Das Burning Eagle Festival steigt am 4. und 5. August beim Reutlinger Listhof

Luftiger Indierock und gelebte Utopie: Zum fünften Mal geht am 4. und 5. August auf dem Reutlinger Listhof-Gelände das Burning Eagle Festival über zwei Bühnen – 15 Bands sorgen für vom Kommerz unabhängigen Musikgenuss.

02.08.2017

Reutlingen. Die Lautstärke bleibt in Maßen, die Beleuchtung und das Licht gedämpft und kurz nach Mitternacht ist Schluss. Es bleibt genügend Zeit für Begegnungen, Gespräche und um die einmalige Atmosphäre aufzunehmen, die sich da zwischen lauschigem Grün und knorrigen Baumstämmen auftut. Entspannte Livemusik, die Philosophie der Nachhaltigkeit und Naturbezug gehen bei diesem Festival Hand in Hand.
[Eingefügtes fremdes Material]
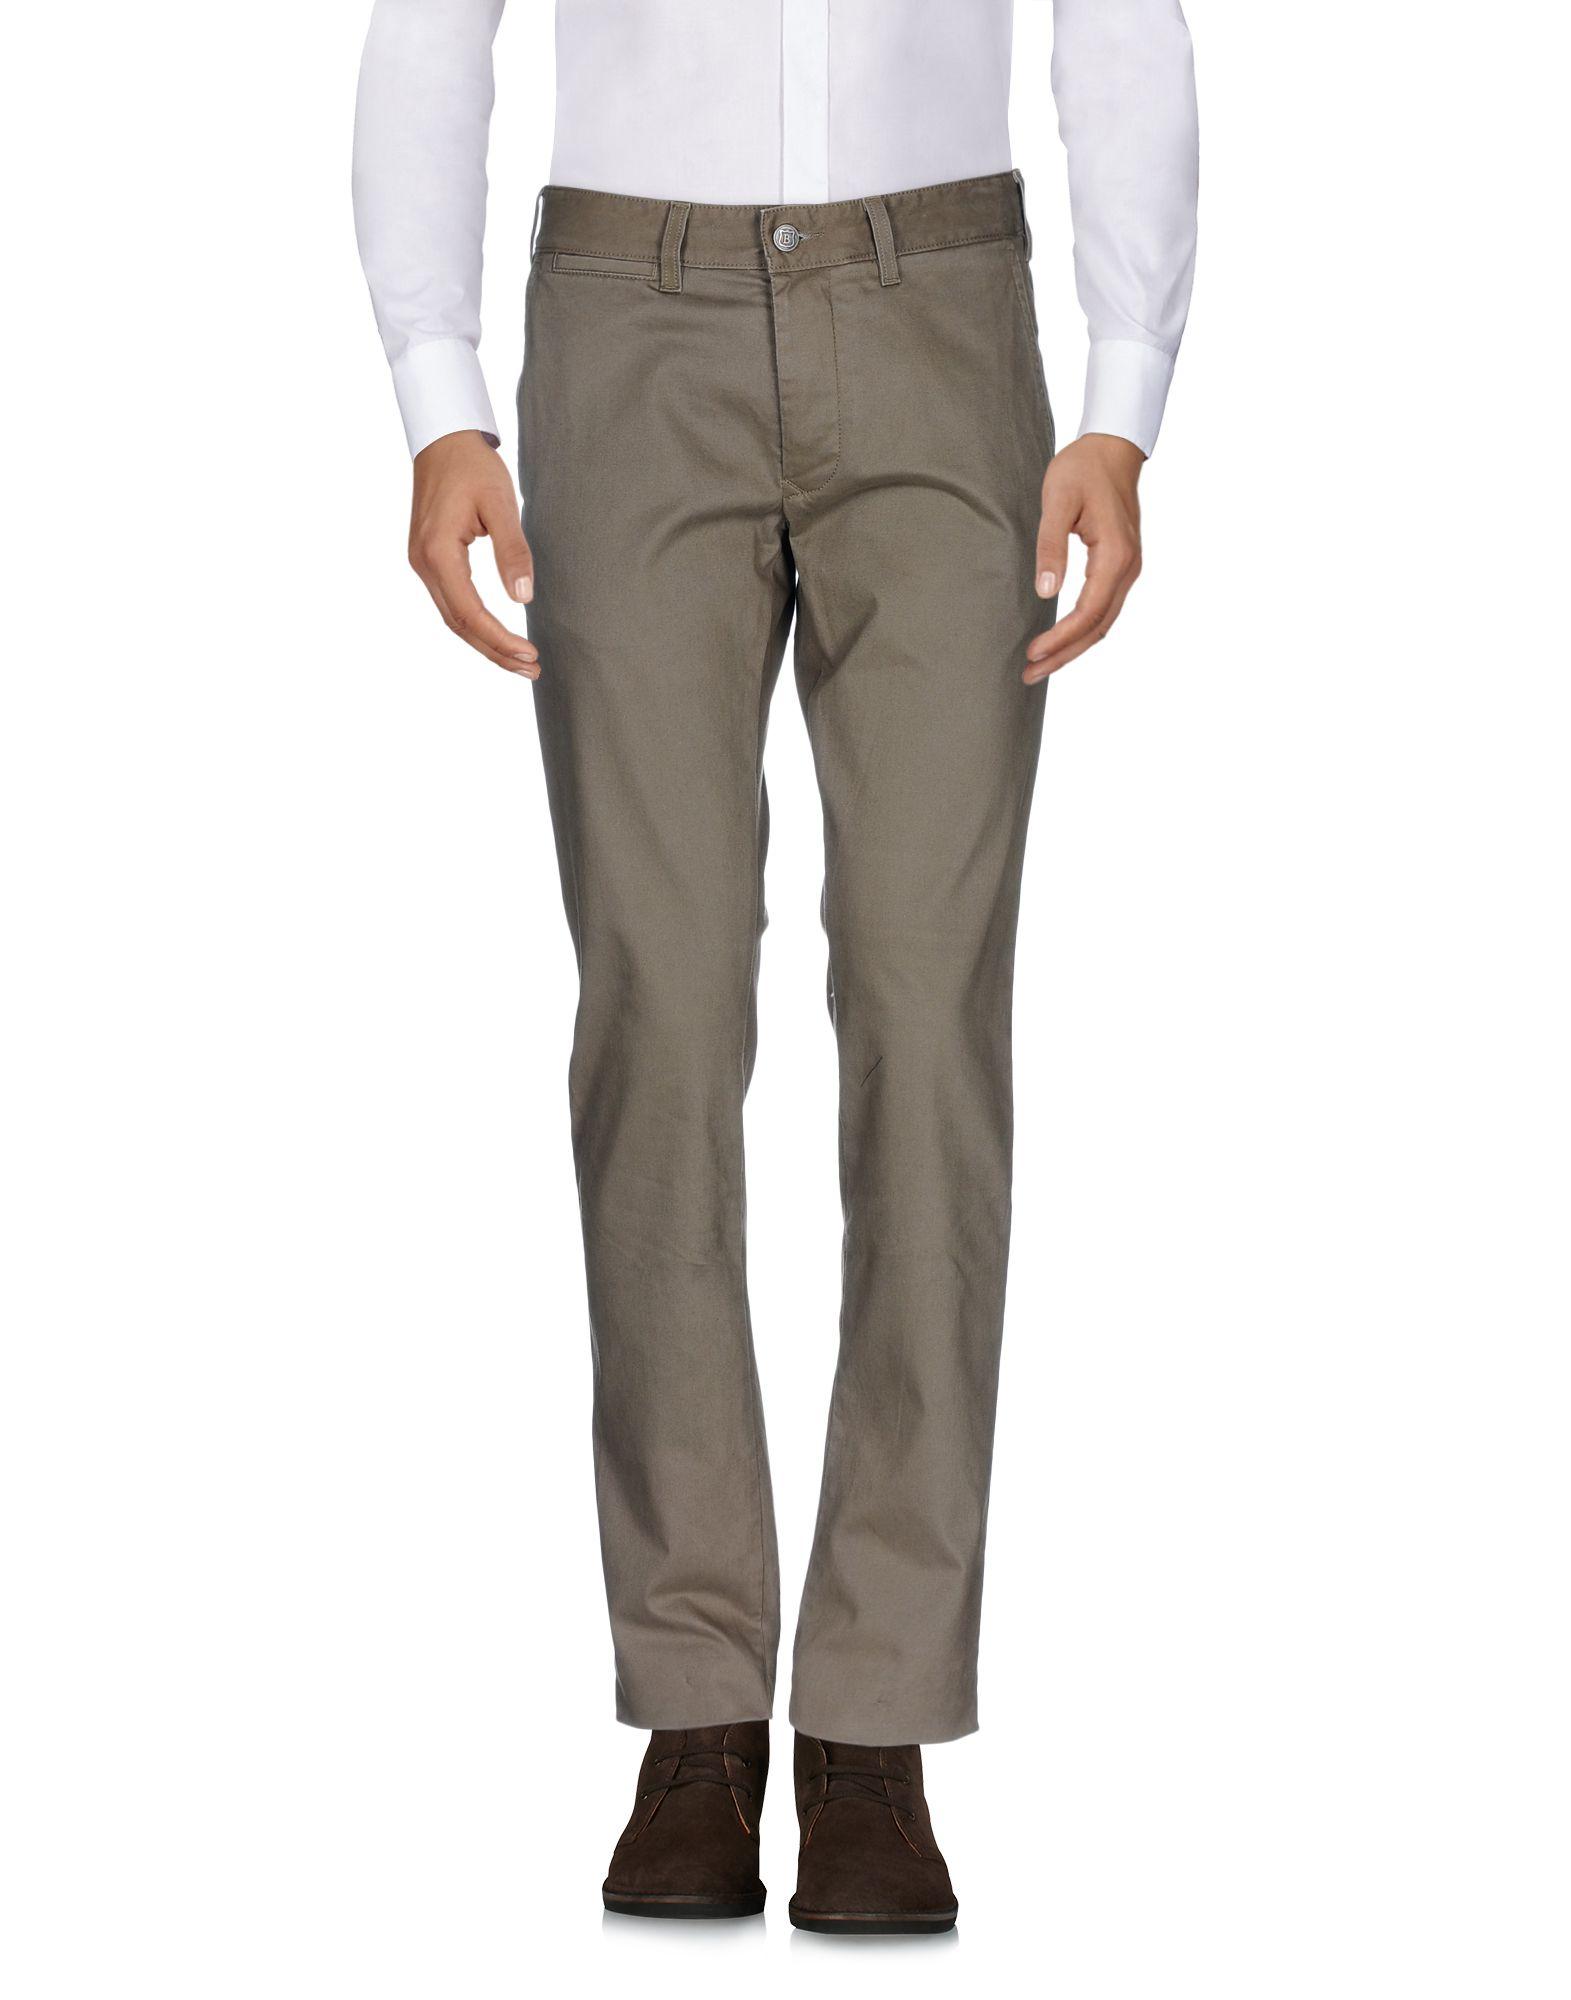 BREUER Повседневные брюки брюки для беременных topshop 4 22

Dennis Adler und Henrik Junger haben mit dem Burning Eagle Festival ein Konzept entwickelt, das Qualität – nicht nur musikalisch – in den Vordergrund rückt. Selbst wenn die beiden inzwischen in Berlin beheimateten Organisatoren auf weniger bekannte Bands setzen, ist für jeden Livemusik-Liebhaber etwas dabei. Gruppen, die Eigenwilliges bieten, bespielen ebenso eine der beiden Bühnen wie entspannt agierende Solointerpreten. Indierock-Acts, die kurz vor dem internationalen Durchbruch stehen, wechseln sich mit Musikern ab, die in ihrer Heimat längst als Geheimtipps gelten. Indiefolk zum Träumen gibt es für die weiblichen Besucher, der nächste Act lädt aber schon wieder zum Abrocken ein. Und immer steht bei diesem ambitionierten Musikfest unter Bäumen das Entdecken im Vordergrund.

Denn auch die Location selbst hat einiges zu bieten: Nach einem gut 15-minütigen Fußmarsch vom Parkplatz beim Listhof durch das Naturschutzgebiet erreichen die Besucher eine Streuobstwiese, die wie in einem verwunschenen Zauberwald liegt. Dort stehen sich zwei kleine Bühnen gegenüber, die während der Konzertauftritte mit dezentem Licht illuminiert werden. Dazwischen sind kleine Fair-Trade-Stände aufgestellt, die regionale Bio-Limonade, Fair-Trade-Klamotten, Bio-Weine und -Bier sowie Mate-Eistee feilbieten. Auch Kulinarisches wie vegane Wraps und Tofu-Snacks aus der Region unterstreichen das Bekenntnis zu fair gehandelten Produkten.

Und was die Auswahl der Bands angeht, bauen die Organisatoren ebenfalls auf Qualität und Nachhaltigkeit: Am Freitag eröffnet die Harfenistin Emma Gatrill das Festival um 16 Uhr. Danach folgen Bands wie Fabian Simon&The Moon Machine, Hello Piedpiper, der Londoner Songwriter L.A. Salami und Sons of Noel and Adrian aus Brighton, die allesamt das Erbe der Singer-Songwriter-Ära mit Stolz und Können vor sich her tragen. Hauptact ist die sechsköpfige Band Lambchop aus Nashville, die einen zeitlosen Melancholie-Pop entwirft, der üppig ist und zugleich ganz still, fragil und dennoch riesengroß, schwermütig und doch ganz leicht. Eine sonderbare, andächtige Musik ist das, die auf dem schmalen Grat zwischen Tiefe und Romantik balanciert, dabei aber nicht ins Kitschige abstürzt, nicht einmal ins Wanken gerät.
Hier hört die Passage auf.